Table 1. Facial musculature underlying AUs in humans (Ekman et al., 2002), identifying their presence (Burrows et al., 2006) and comparable muscle movement when stimulated in chimpanzees (Waller et al., 2006)

In terms of observation of facial movements, our initial database of existing expression footage and images (facial expressions) were insufficient to develop the ChimpFACS. It was necessary to collect close-up footage of the chimpanzee face in order to describe appearance changes in detail; more subtle and isolated facial movements (occurring without full facial expression combinations) were also studied and described using frame by frame analysis. Thus, our aim was to detail the movements of the chimpanzee face rather than to analyze facial expressions per se: this bottom up approach in is central to the FACS methodology. It should be noted that FACS was developed using primarily highly controlled observations of voluntarily produced facial movements (Ekman et al., 2002). Interestingly, many of the AUs are difficult to produce on demand, at least without some training. So even for humans, obtaining clear facial actions is difficult and time consuming. However, this approach is not feasible with other species; all our observations are spontaneously produced facial movements and these also give us insight into the repertoire of facial movements in the chimpanzee.

Our observations are based upon static and video images of around 150 chimpanzees; this included an existing database of over 200 short-video clips (behavioral episodes containing a main expression configuration) and over 100 static facial expression images,Footnote 2 in addition to around 40 h of focal footage focusing closely upon the face. Video images and static images were examined by trained FACS coders (SJV and BMW) for potential signs that a given AU had acted. These were then reviewed until a catalog of video and related still images were available for the description of the appearance changes relating to the action. This collection was studied using frame-by-frame analysis and common features were detailed for each movement. As other AUs were developed, earlier AUs were modified in light of any relevant new information. Some AUs were rarely seen in isolation, but could also be inferred by comparing combinations of movement and extrapolating the minimal units. Using the above method, we have been able to describe many of the core AUs in the chimpanzee.

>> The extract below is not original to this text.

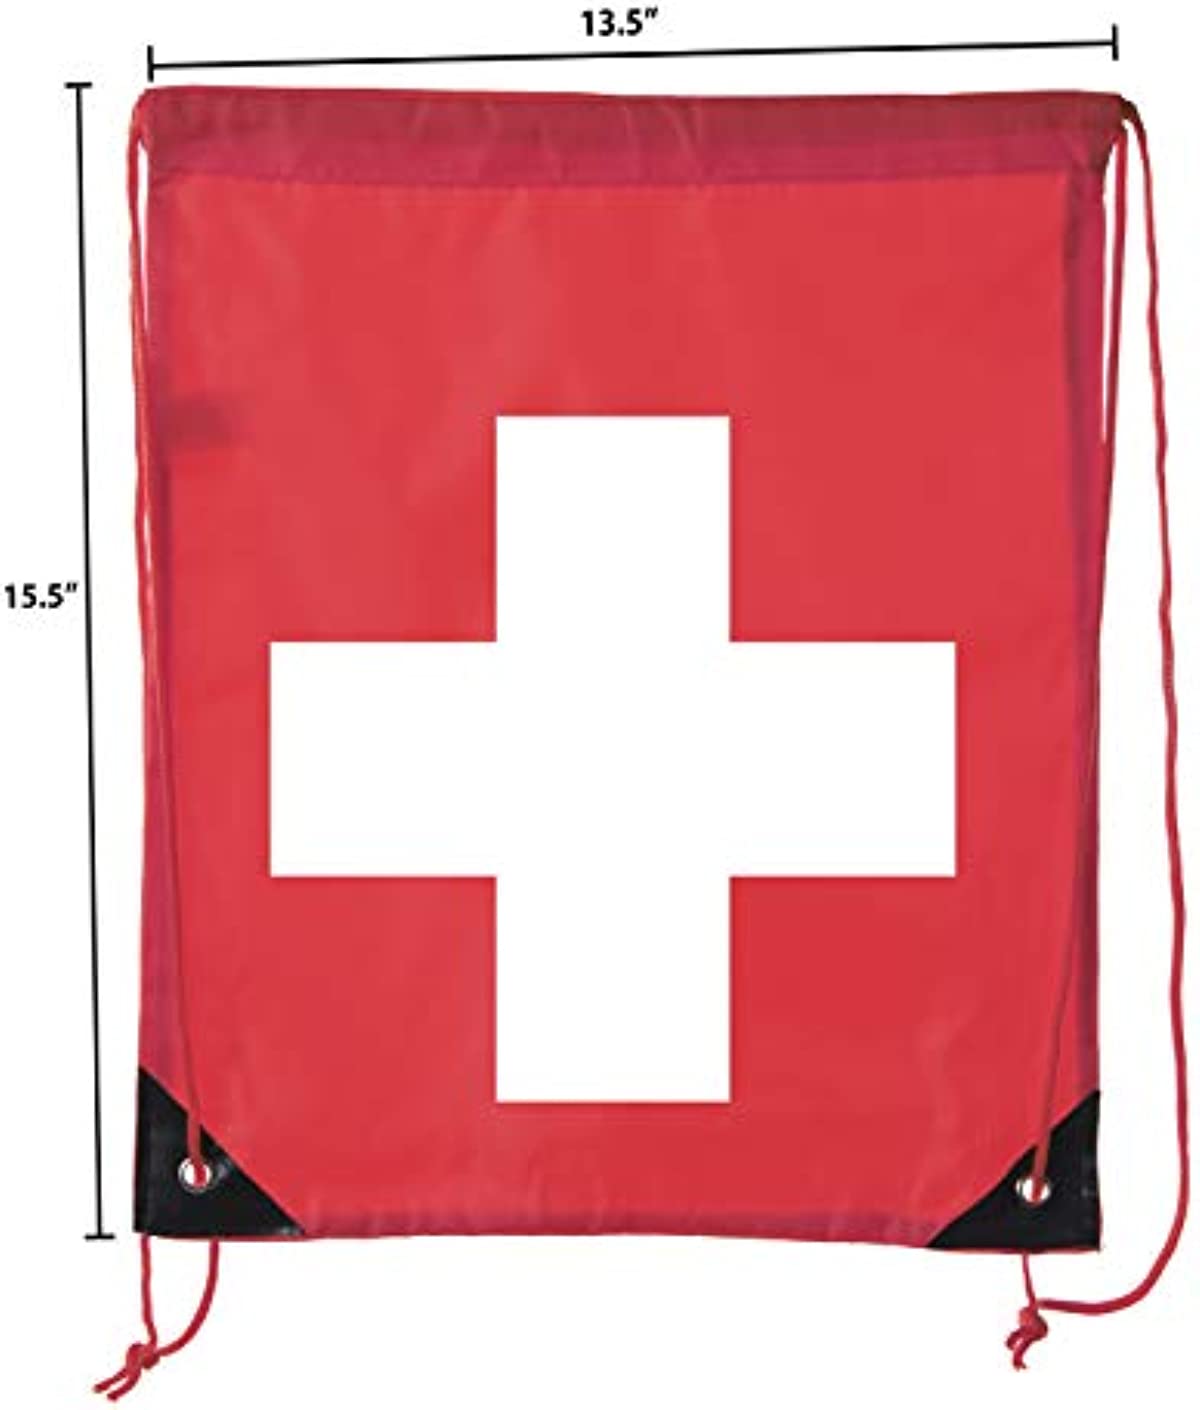 First Aid Backpack Drawstring Medical Bag for Emergencies or Epi Pen & Medicine - 6PK Red CA2500FirstAid S5

The original FACS, presents each AU in terms of underlying musculature (location and direction of action), appearance changes (multiple cues for identifying AUs), reference for AUs (subtle differences between AU combinations), how to do the AU (voluntary production of AU in isolation), and intensity scoring for the AU (criteria for coding decisions). We only address the first three of these as; voluntary production was not applicable and intensity coding will be addressed in later studies. Thus, we describe each AU in terms of the underlying muscle action, the multiple appearance changes that may be used to identify the action, in addition to any other information for consideration when making coding decisions, such as the impact of co-occurring actions upon facial appearance. When translating a coding system across different face types, some morphological features can be misleading. These false indicators resemble the cues used to discriminate an AU in another population (e.g., in BabyFACS; Oster, 2003, unpublished manual). Amongst the several cues described to identify a given AU, some are usually more discriminating for the identification of an AU and these best cues are also described for each AU.

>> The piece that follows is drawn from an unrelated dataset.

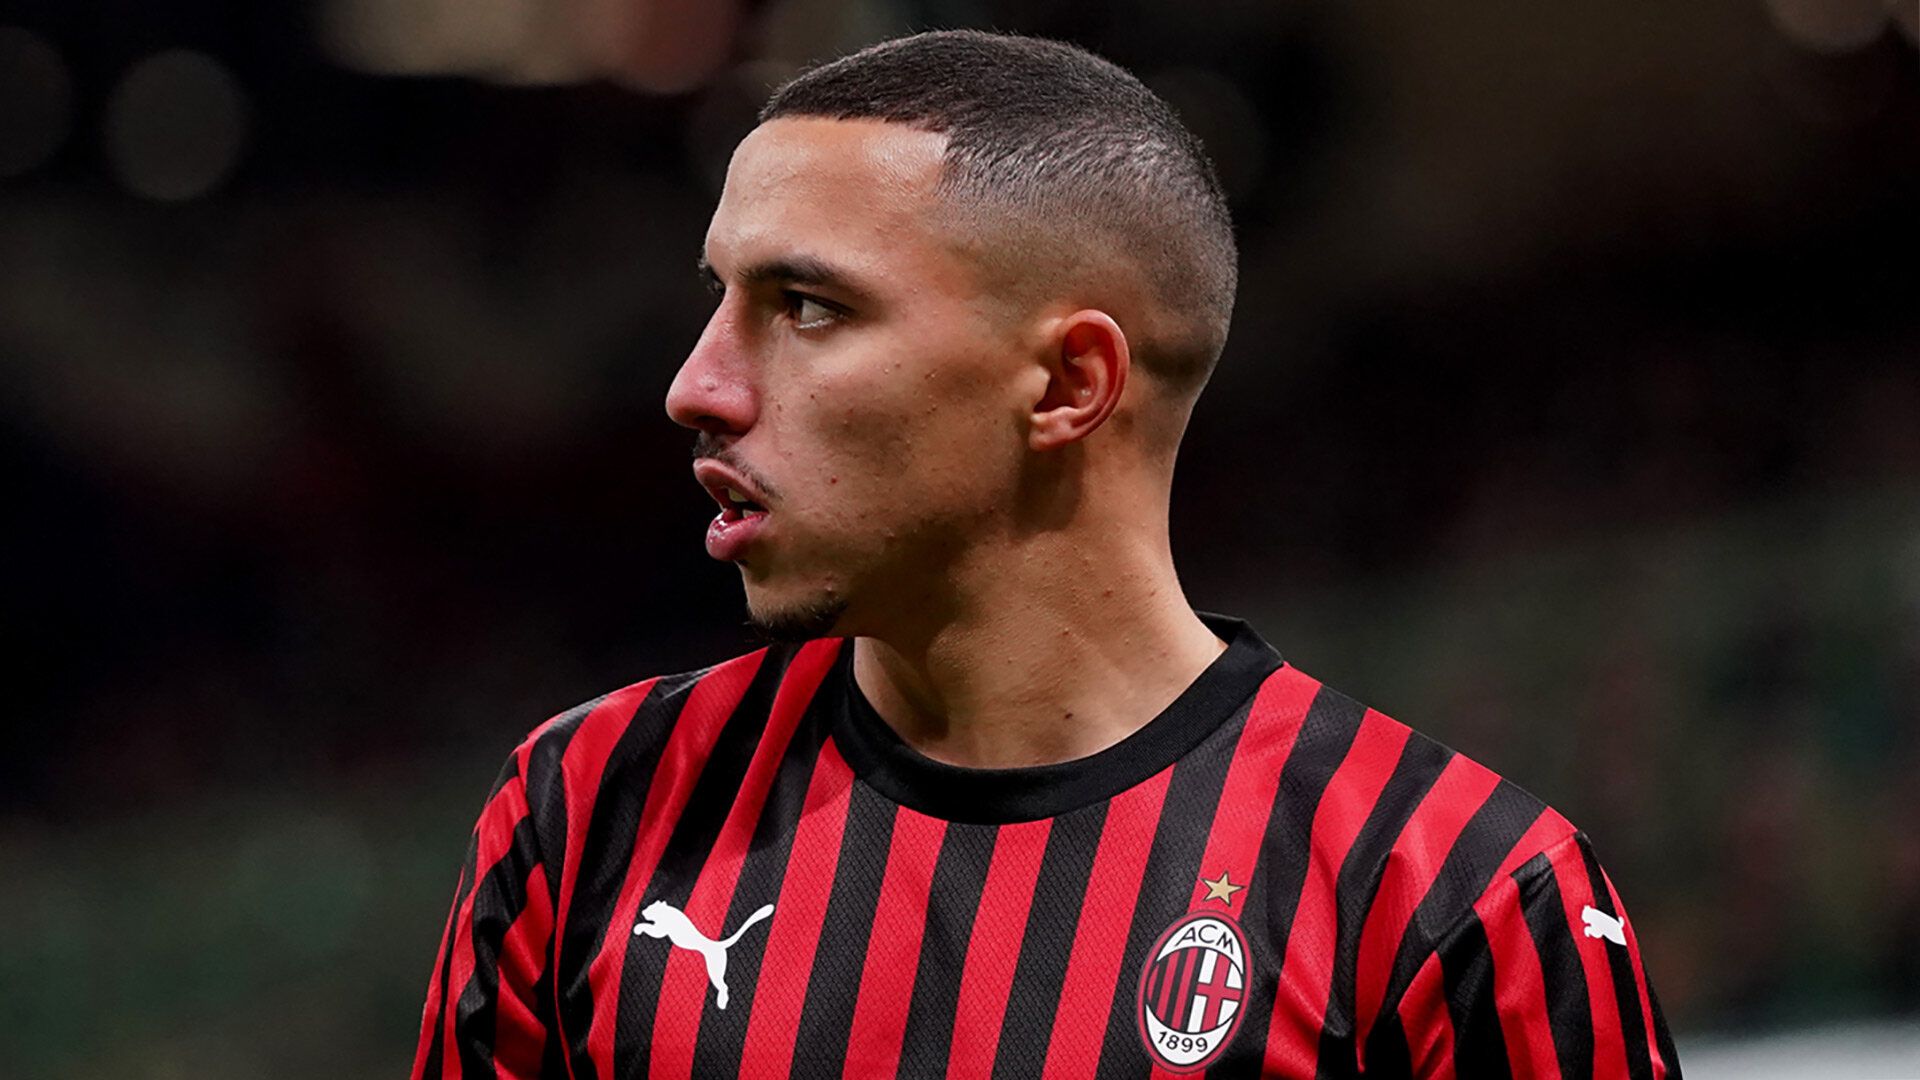 Bennacer: I didn't sleep much after losing to Inter

Chimpanzee and human faces differ in terms of underlying anatomy; chimpanzees have more prognathic faces with an elongated mouth, a lower forehead with more substantial brows, a flatter nasal area, much less check fat, and no bony chin boss. The contrast visible on the face is also often limited due to skin pigmentation, reduced outer lip vermillion, and substantially different eye morphology, which most notably lacks the white sclera which make human eye movements (and changes in the surrounding area) more readily perceptible (Kobayashi & Kohshima, 1997, 2001; Ekman et al., 2002). While these features can make identifying facial movement more challenging, the texture of the chimpanzee face (with many visible lines and wrinkles) can facilitate some AU identifications. Importantly, chimpanzees show considerable individual variation in many of these features, making the FACS approach of using multiple and redundant cues to detect actions extremely valuable for the usability of ChimpFACS. Figure 1 identifies commonalities and differences in facial landmarks across species.

Fig. 1
figure 1

Facial morphology in humans and chimpanzees

It is important to note that there are still some unresolved questions and practical restraints upon the perception or reliable coding of these often small and subtle movements (in highly mobile subjects). Several core facial movements are omitted; some actions are either so uncommon, or usually masked by co-occurring actions, that we currently lack good clear exemplars on which to base our descriptions. Others are simply extremely difficult to detect upon the chimpanzee face, or their precise anatomical basis has not been confirmed. Omissions are identified along with an explanation for their absence because, given the similarity in underlying musculature, these also serve to inform our understanding of how facial morphology and movements interact across species.

Results

We will follow the basic structure of the FACS manual and present core facial AUs with clearly identified anatomical basis (not miscellaneous movements) in the following groupings: (a) movements of the upper face (AU1 AU2 AU4 AU5 AU6 AU7) and movements of the lower face: (b) up/down actions (AU9 AU10 AU16 AU15 AU17), (c) horizontal actions (AU14 AU20), (d) oblique actions (AU11 AU12 AU13), and (e) orbital actions (AU18 AU22; supplemented with a very brief description of some additional movements of the mouth). The functional appearance changes caused by the action presence of an AU will be described and compared for humans and chimpanzees. A briefer summary of omitted AUs is also given for each facial movement grouping. Table 2 summarizes the comparisons of appearance changes for AUs in humans and chimpanzees.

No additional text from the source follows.